T I am confused on right now... would it be the same value as F?
I didn't check your math, but once you get F, then apply Newton 1: weight of tray plus weight of cup plus weight of plate plus the thumb force T = F. Clock is ticking, I usually don't do all the work...
 
  • #10
gamesandmore said:
alright, I got F: 79.0 N
Thank you!

T I am confused on right now... would it be the same value as F?

F = T + Fplate + Fcup + Ftray?
edit: I tried that and got 64 as an answer, sound right?
Gee, now you got me stressed. How we doing for time? Check your math. .35(9.8)(.33) + 1(9.80)(.19) + (.18)(9.8)(.150) = F(.050). Solve for F. , then solve for T.
 
  • #11
Yes, I'm sorry I didn't reply again.
Thank You very much, I got full credit for the problem. :)
 
  • #12
I apologize for bringing up an old thread but I have more or less the same problem with this equation, even after looking at it and trying to solve it.

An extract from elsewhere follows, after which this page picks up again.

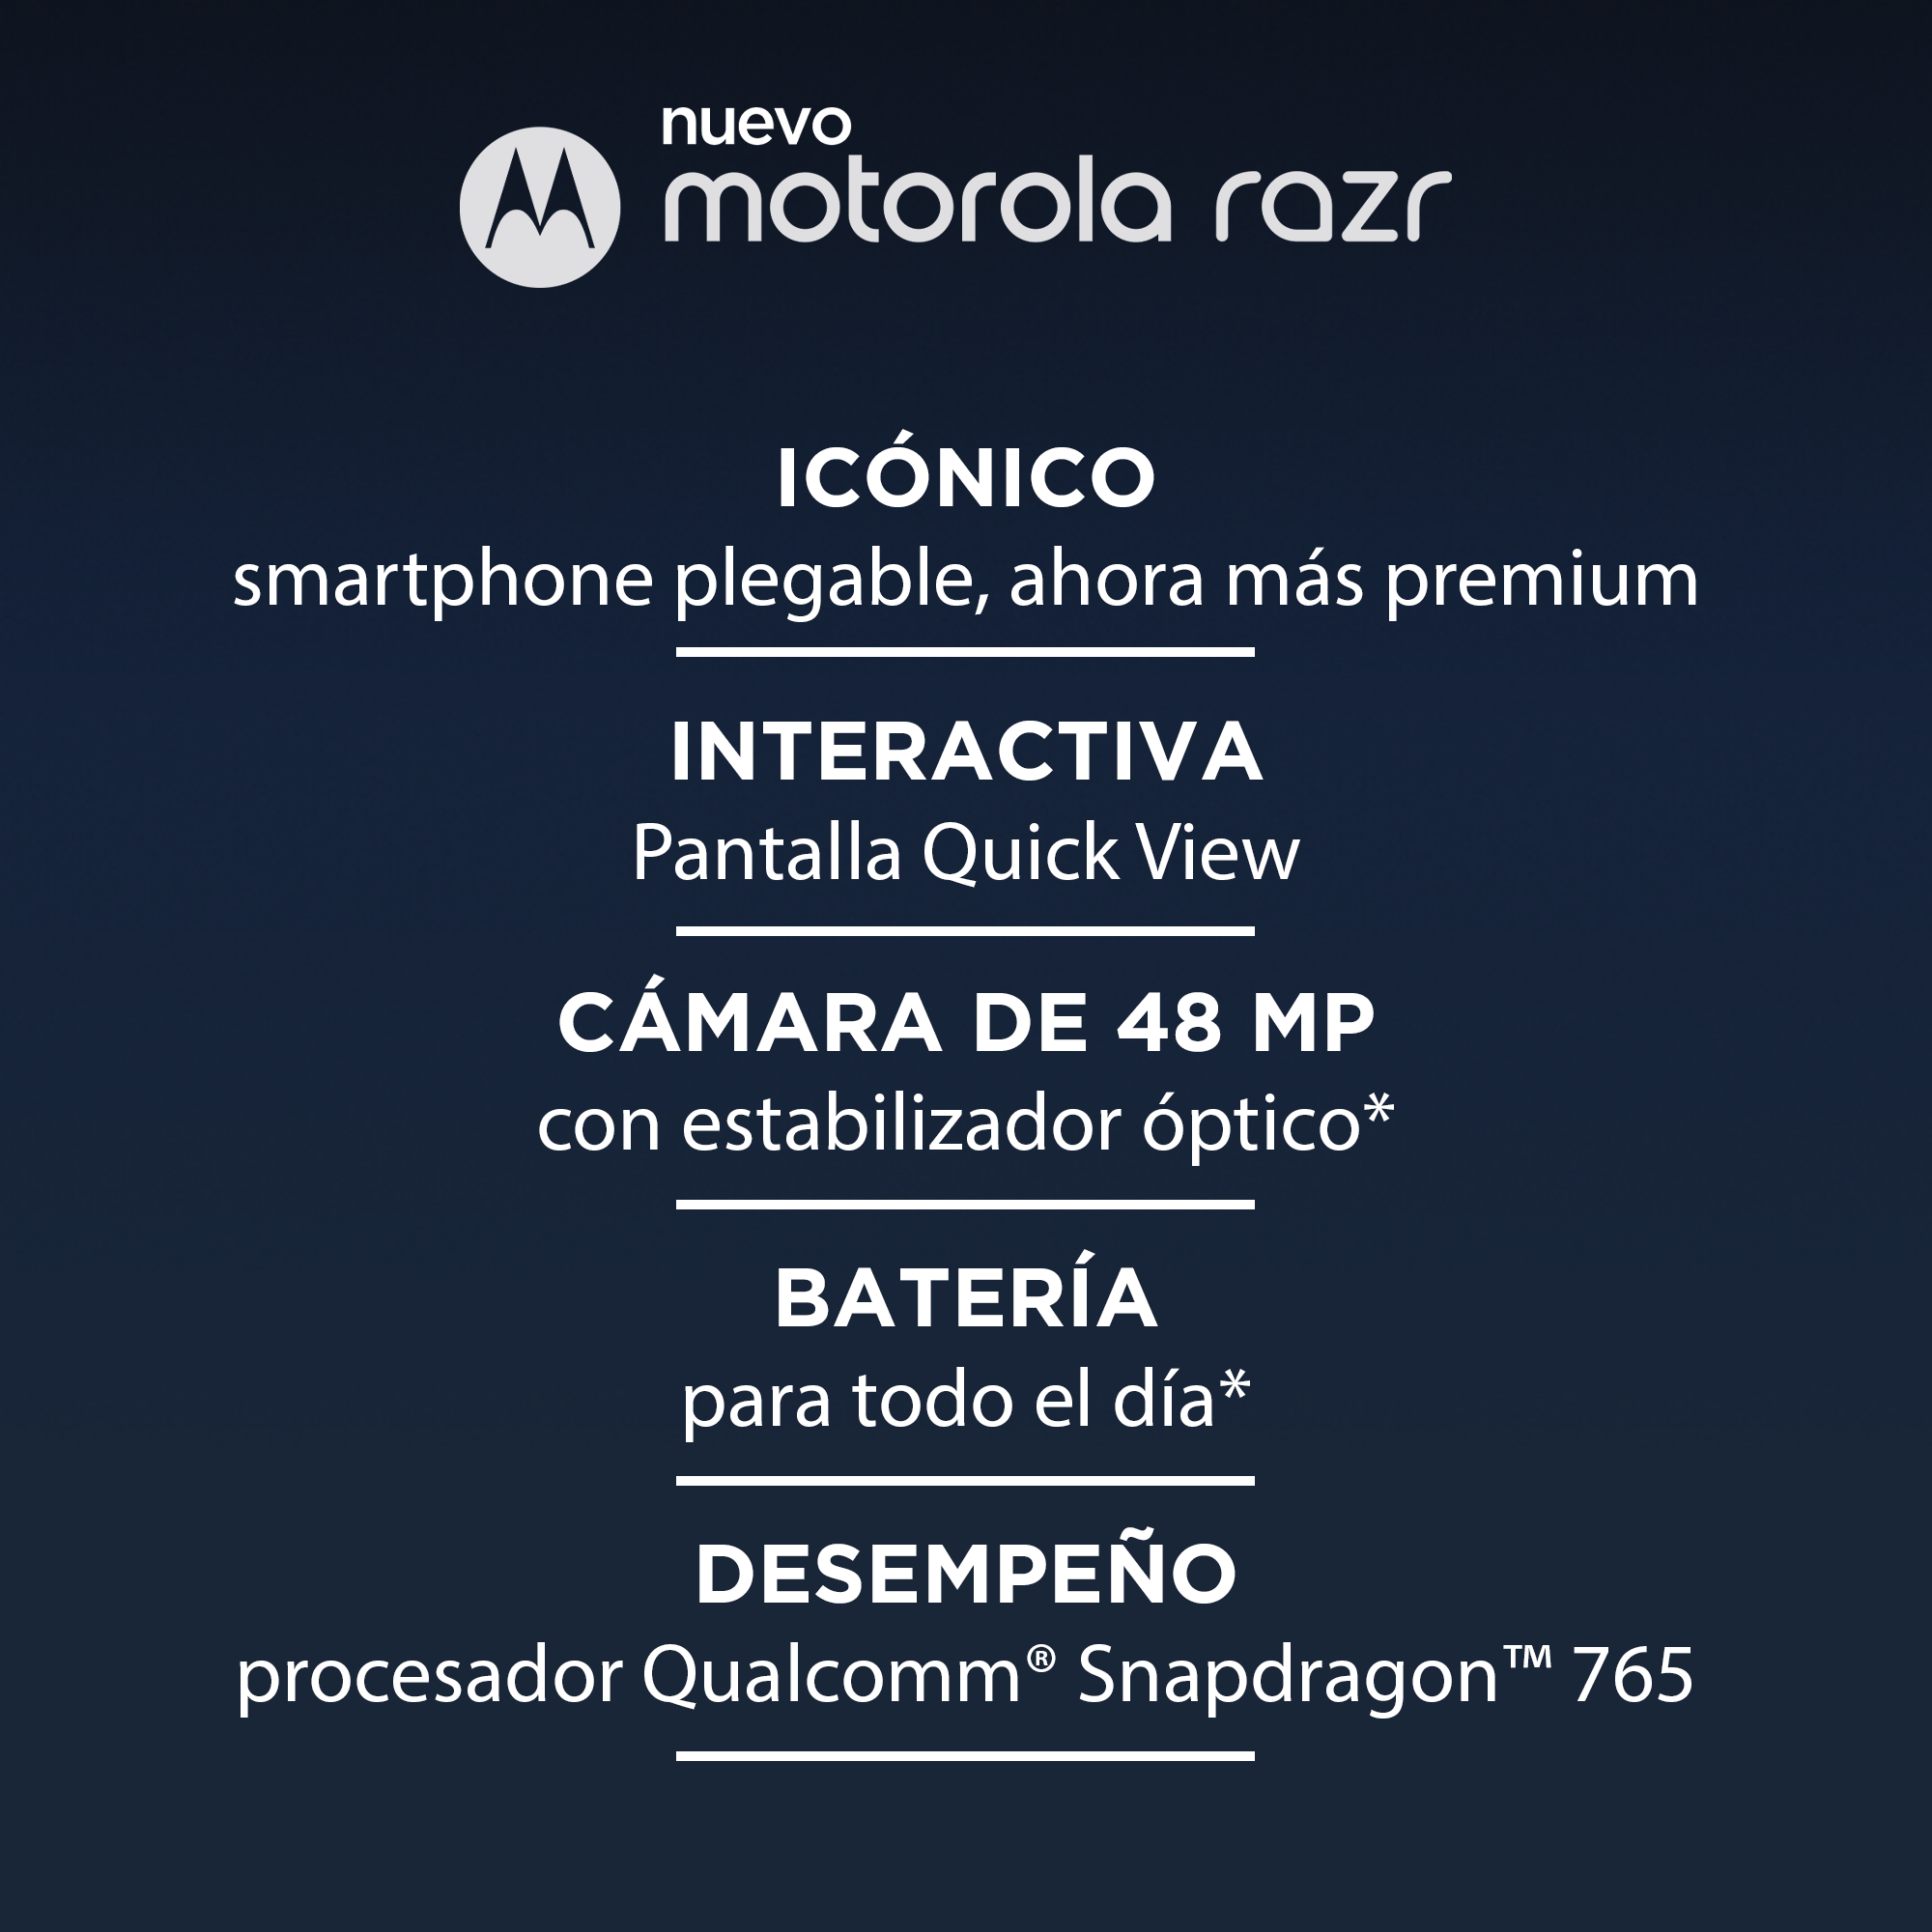 Motorola Razr 256 GB ROM 8GB RAM

It is the same except that the mass of the tray 0.200 kg, and the coffee is 0.250 kg.

Now I've tried working it out, factoring in the fact that the cup of thumb is at a distance of .0600m which means using this as the axis Id have to remove .0600 for every lever arm which gives me.

(F*.04) = ((9.8*1kg)*.04)+((9.8*.250)*.32)+((19.8*.180)*.34) which leads to

(F*.04) = 1.764 + .784 + .59976 or just (.60) which = 3.148 and then is divided by .04 to = 78.7... when the correct answer for F supposed to be 70.6.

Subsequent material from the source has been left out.